Improving the accuracy and realism of Bayesian phylogenetic analyses



Journal Title

Journal ISSN

Volume Title



Central to the study of Life is knowledge both about the underlying relationships among living things and the processes that have molded them into their diverse forms. Phylogenetics provides a powerful toolkit for investigating both aspects. Bayesian phylogenetics has gained much popularity, due to its readily interpretable notion of probability. However, the posterior probability of a phylogeny, as well as any dependent biological inferences, is conditioned on the assumed model of evolution and its priors, necessitating care in model formulation. In Chapter 1, I outline the Bayesian perspective of phylogenetic inference and provide my view on its most outstanding questions. I then present results from three studies that aim to (i) improve the accuracy of Bayesian phylogenetic inference and (ii) assess when the model assumed in a Bayesian analysis is insufficient to produce an accurate phylogenetic estimate.
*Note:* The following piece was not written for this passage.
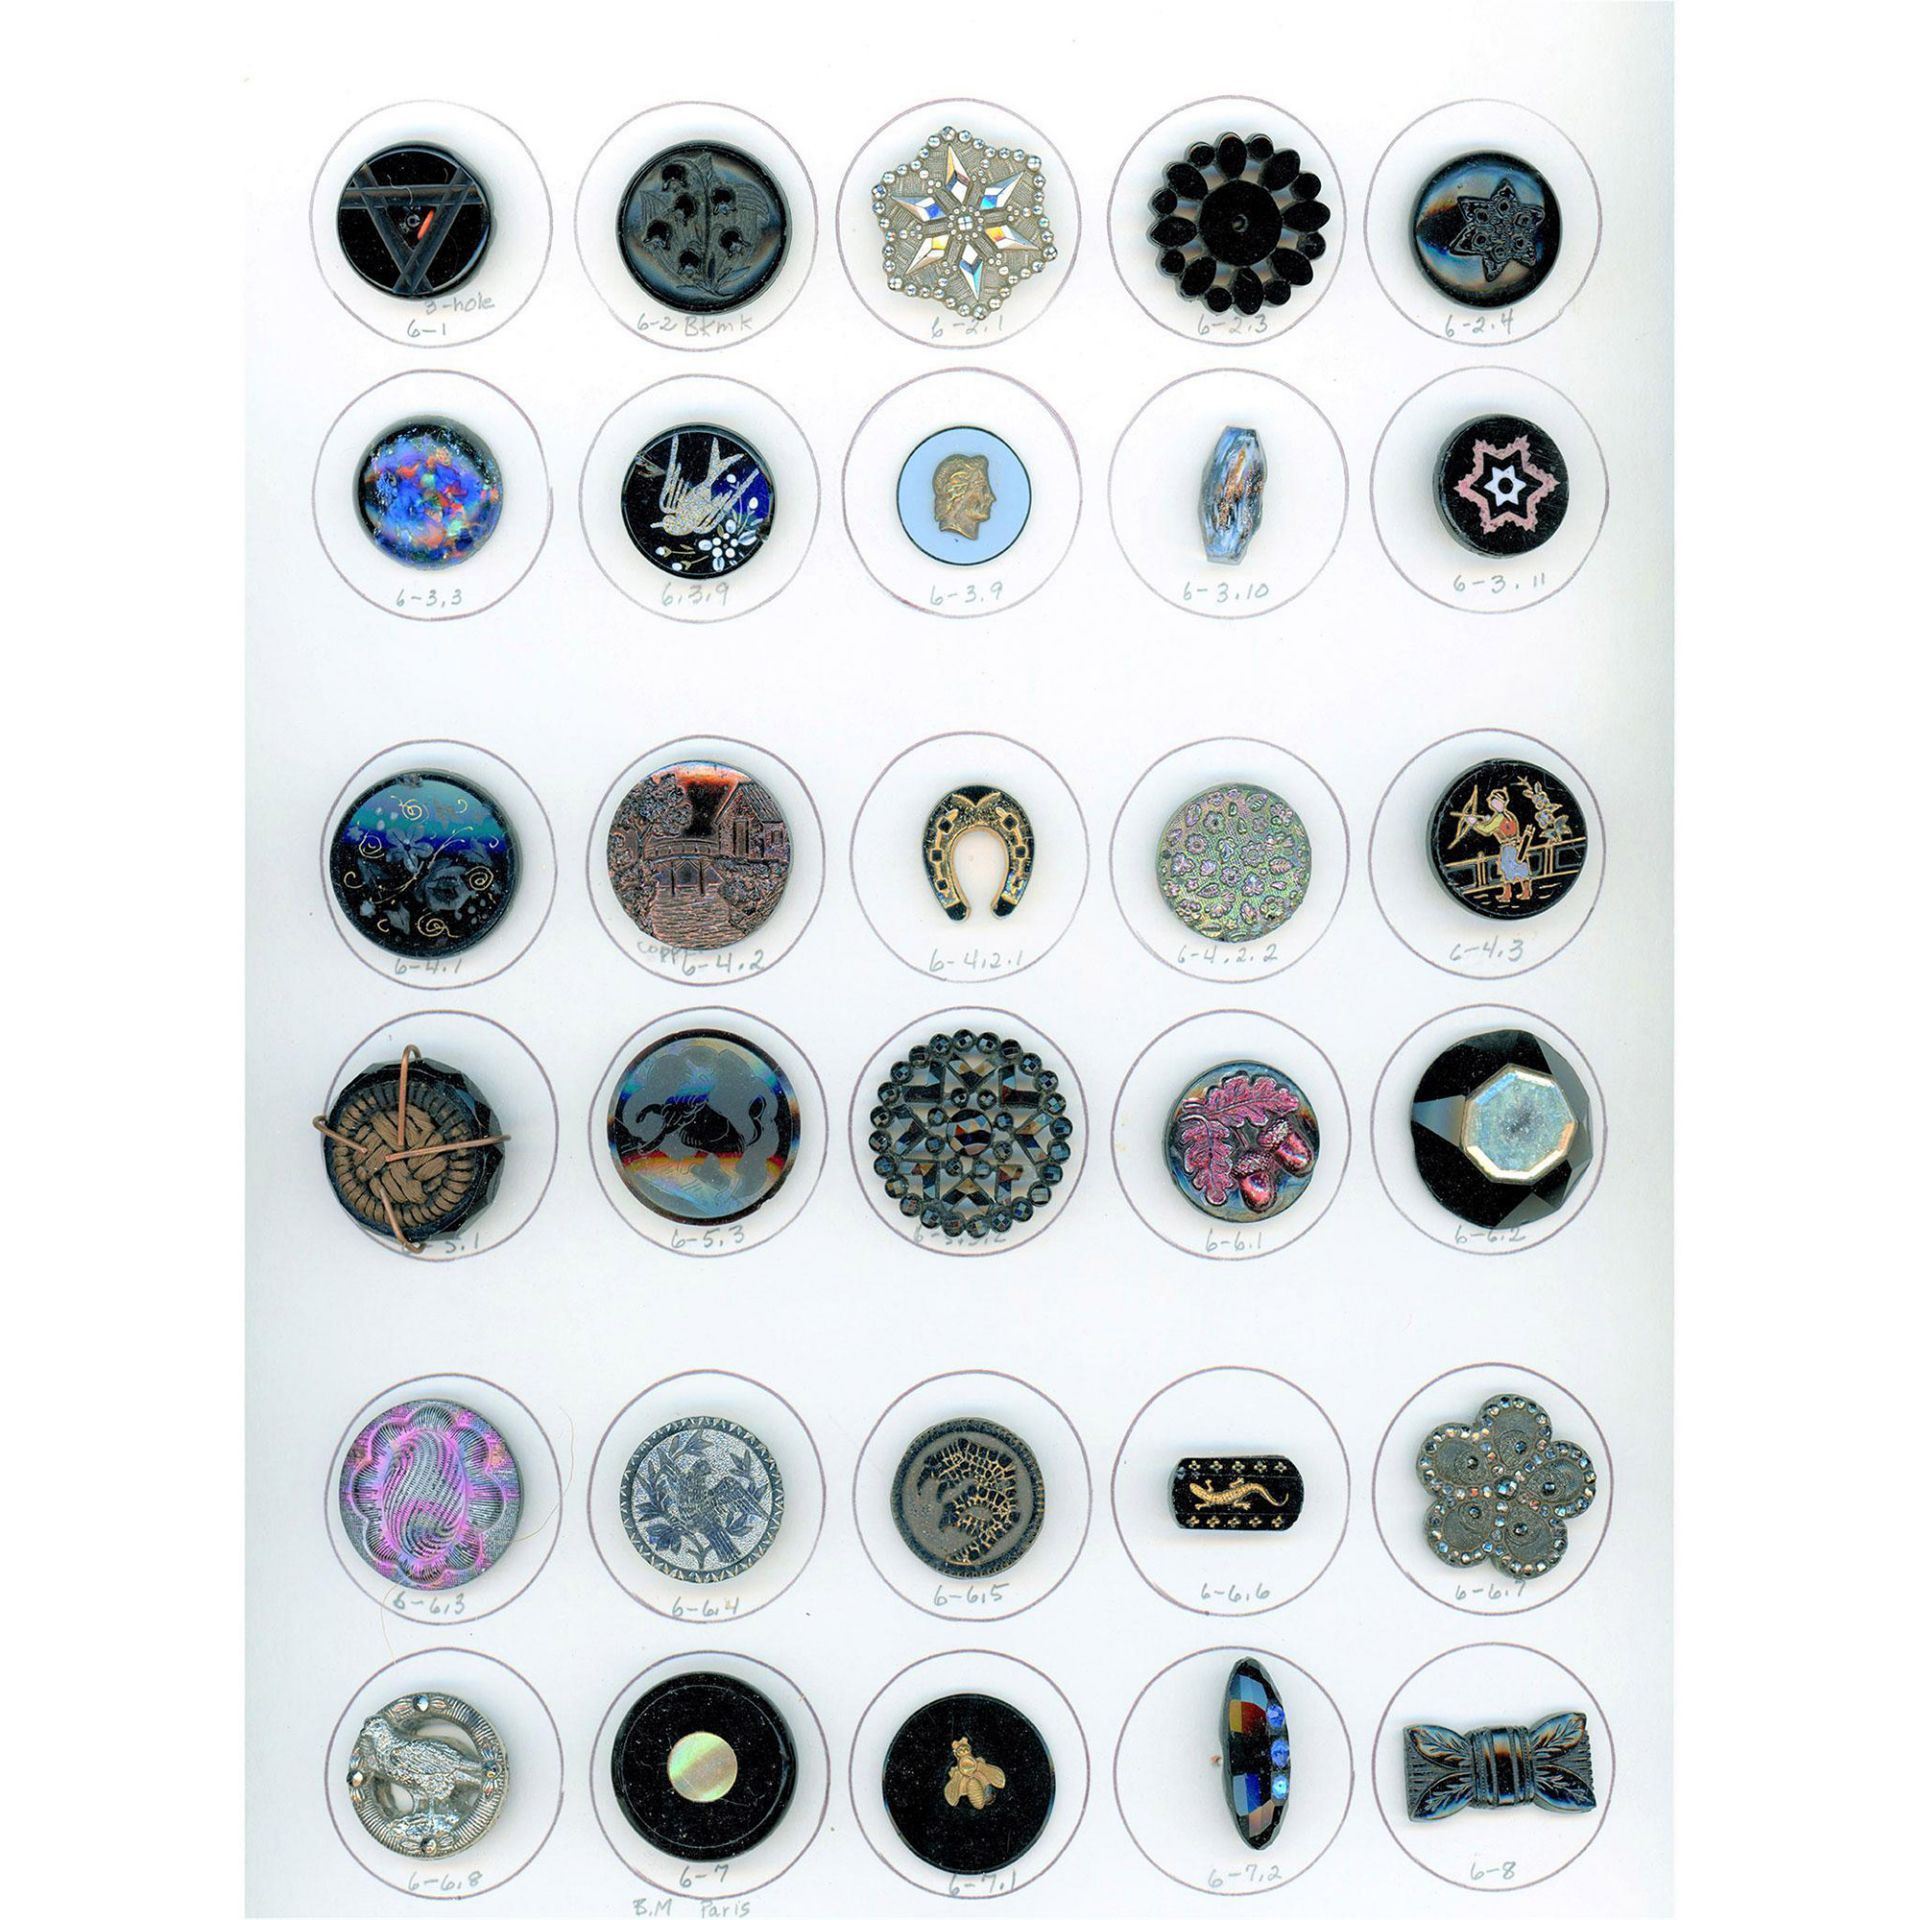 A Card of Division One Assorted Black Glass Buttons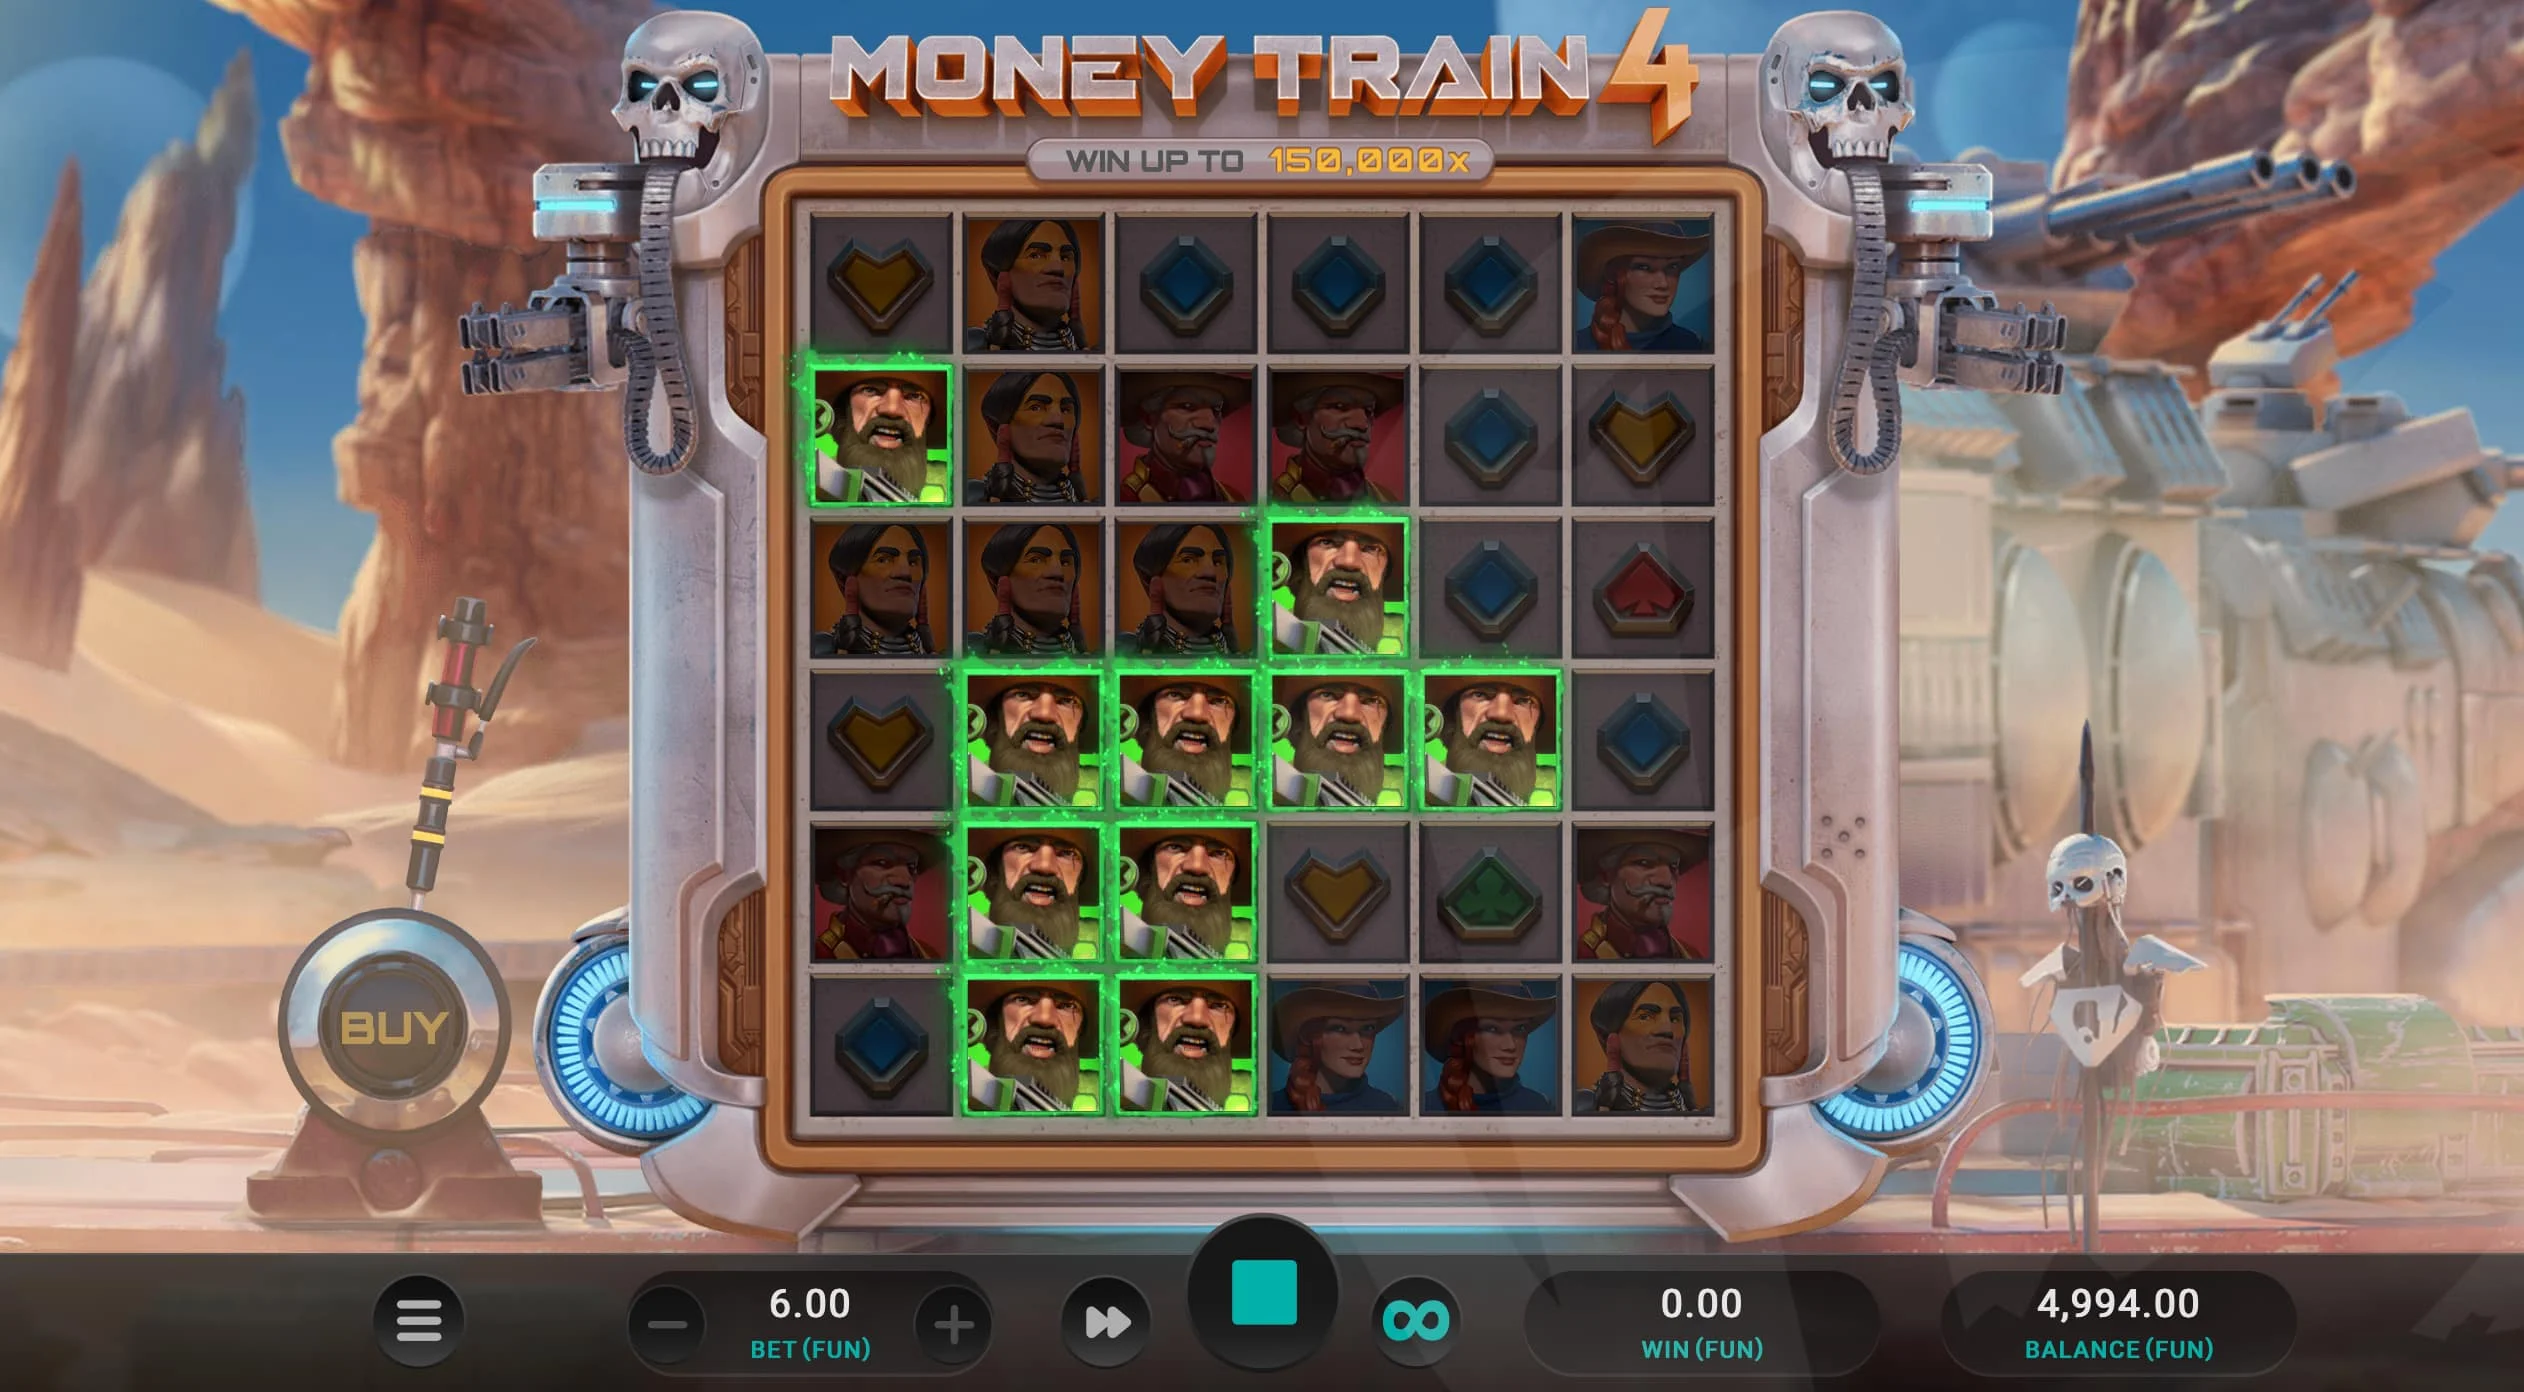 Land 10 or More Symbols in View to Form Wins in Money Train 4

As phylogenetic data sets increase in size, they must also accommodate a greater diversity of underlying evolutionary processes. Partitioned models represent one way of accounting for this heterogeneity. In Chapter 2, I describe a simulation study to investigate whether support for partitioning of empirical data sets represents a real signal of heterogeneity or whether it is merely a statistical artifact. The results suggest that empirical data are extremely heterogeneous. The incorporation of heterogeneity into inferential models is important for accurate phylogenetic inference. Bayesian phylogenetic estimates of branch lengths are often wildly unreasonable. However, branch lengths are important input for many other analyses. In Chapter 3, I study the occurrence of this phenomenon, identify the data sets most likely to be affected, demonstrate the causes of the bias, and suggest several solutions to avoid inaccurate inferences. Phylogeneticists rarely assess absolute fit between an assumed model of evolution and the data being analyzed. While an approach to assessing fit in a Bayesian framework has been proposed, it sometimes performs quite poorly in predicting a model’s phylogenetic utility. In Chapter 4, I propose and evaluate new test statistics for assessing phylogenetic model adequacy, which directly evaluate a model’s phylogenetic performance.